This Cardinals player is becoming a leader by example

June 3rd, 2024

This story was excerpted from John Denton’s Cardinals Beat newsletter. To read the full newsletter, click here. And subscribe to get it regularly in your inbox.

PHILADELPHIA -- Not that the already short-handed Cardinals needed another reminder, but the club got to see firsthand how vitally important is to their formula for success when the gritty utility fielder missed the entire weekend series against the surging Phillies.

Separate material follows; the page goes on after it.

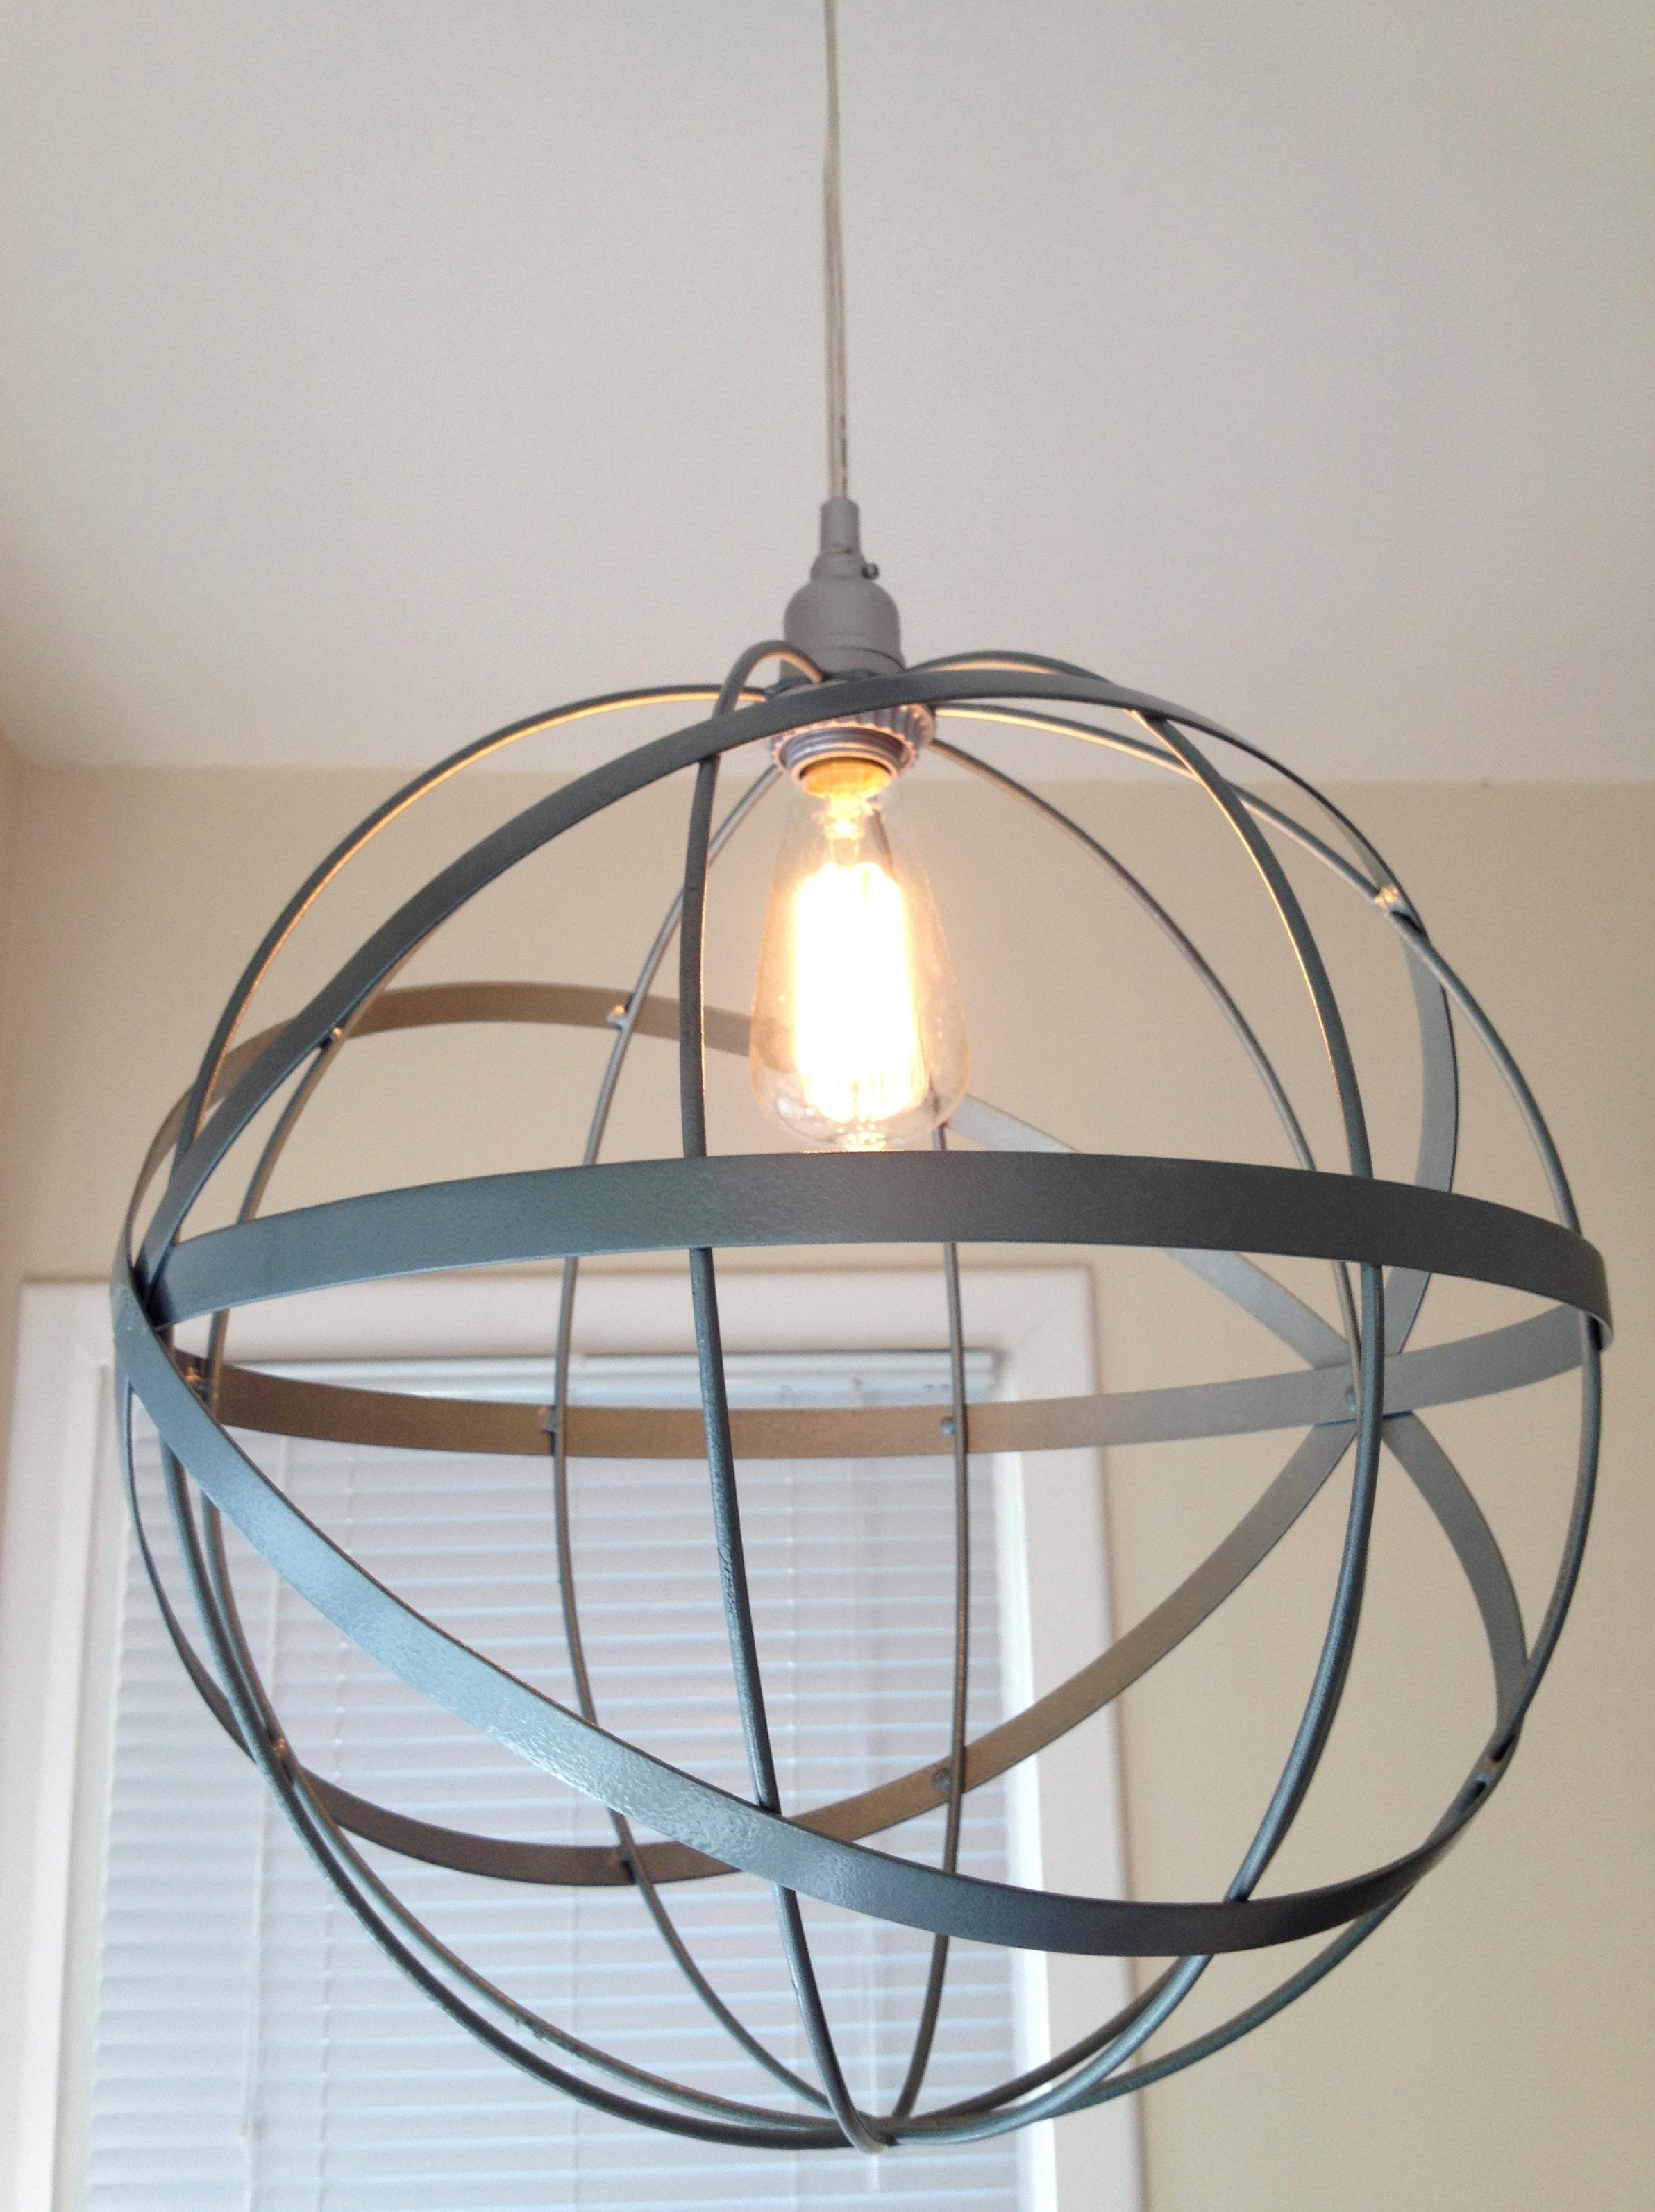 How to make a metal orb chandelier chandelier designs diy metal orb chandelier home design ideas aloadofball Images

When Donovan got to the ballpark in Philadelphia on Friday, his neck stiffened to the point that he had to swing his shoulders around to look side to side, and he ultimately had to miss three games -- something he abhors, admittedly struggling to sit still while in the dugout. That meant the Cardinals lost his Gold Glove defense, consistent battles at the plate and his all-out, hair-flying-in the-wind style of hustle that is infectious.

What they also missed out on was having one of their emerging leaders and someone who is quickly becoming one of the faces of the franchise in the middle of the action all weekend.

Though he’s played just 2 1/3 seasons of big league baseball, Donovan was nudged by Cardinals coaches to become more of a leader this season. At 27 years old, the Cards thought that the player versatile enough to play left field, third base, second base and even some first base in a pinch also had the kind of wherewithal to shoulder more of a leadership role.

Being looked at now as one of the team’s leaders -- even in a clubhouse that boasts Nolan Arenado, Paul Goldschmidt, Matt Carpenter, Brandon Crawford, Sonny Gray, Lance Lynn and Miles Mikolas -- is not a role that Donovan takes lightly.

“I’ve always tried to be a guy who leads by example and tries to be as calm and even-keeled as possible,” said Donovan, who hopes to be back in the starting lineup in the coming days. “No matter how I’m doing, I want to be the same. Playing different positions isn’t easy, but I try to make it like no matter where I’m at, you’ll never notice that I haven’t been there in a while. That’s the role I try to take on, and hopefully, I can lead by example.”

One tangible way that Donovan has led this season is with a simple gesture he instituted to try to make rookies feel welcomed. When a Cards rookie makes his MLB debut -- Ryan Fernandez, Ryan Loutos, Chris Roycroft, Kyle Leahy, Pedro Pagés and Victor Scott II (St. Louis' No. 3 prospect) have done so in 2024 -- Donovan has presented them with a gift to commemorate the moment: an Ace of Spades bottle of champagne. And he has all the other players autograph the carrying case for the bubbly.

Roycroft, who had to scratch and claw his way through independent league baseball and three more years in the Minor Leagues to get to his MLB debut on May 7, was flabbergasted by the gift from Donovan.

“It was an incredible gift, and it made me feel welcomed into this family,” Roycroft, 26, said. “To have Donnie there as a leader and a role model for young guys like me, it makes the moment even more special.”

Roycroft said he’s already picked out a special place to display the autographed case and champagne, and he has no plans of drinking the bubbly until maybe after he retires. The way he sees it, every time he walks past that bottle in the years ahead, he will think about the euphoria of his debut and the generosity of Donovan.

“I’ll cherish and remember that moment forever, especially with the gift Donnie gave me,” Roycroft said.

Donovan was a natural to morph into a leader for the Cardinals considering how he was raised by mother, Lisa, and father, James, who was an aviation colonel in the Army, manager Oliver Marmol said.

“He’s just built that way,” Marmol surmised. “He’s very well thought-out when he speaks and with what he says. He’s very respected in that clubhouse for still being a young player. He’s done a really nice job.”

Donovan said he was in awe of the leadership abilities of Albert Pujols, Yadier Molina and Adam Wainwright when he reached the Cards for his MLB debut on April 25, 2022. His leadership style, he insisted, is still very much a work in progress.

“I’m still learning, and I look at the ways some of our guys lead and have done it at such a high level for so long, and I love it,” said Donovan, referring to Goldschmidt and Arenado. “Our leaders try to be the same guy every day. It’s a testament to the leaders that they are, and I’ve learned a lot from them.”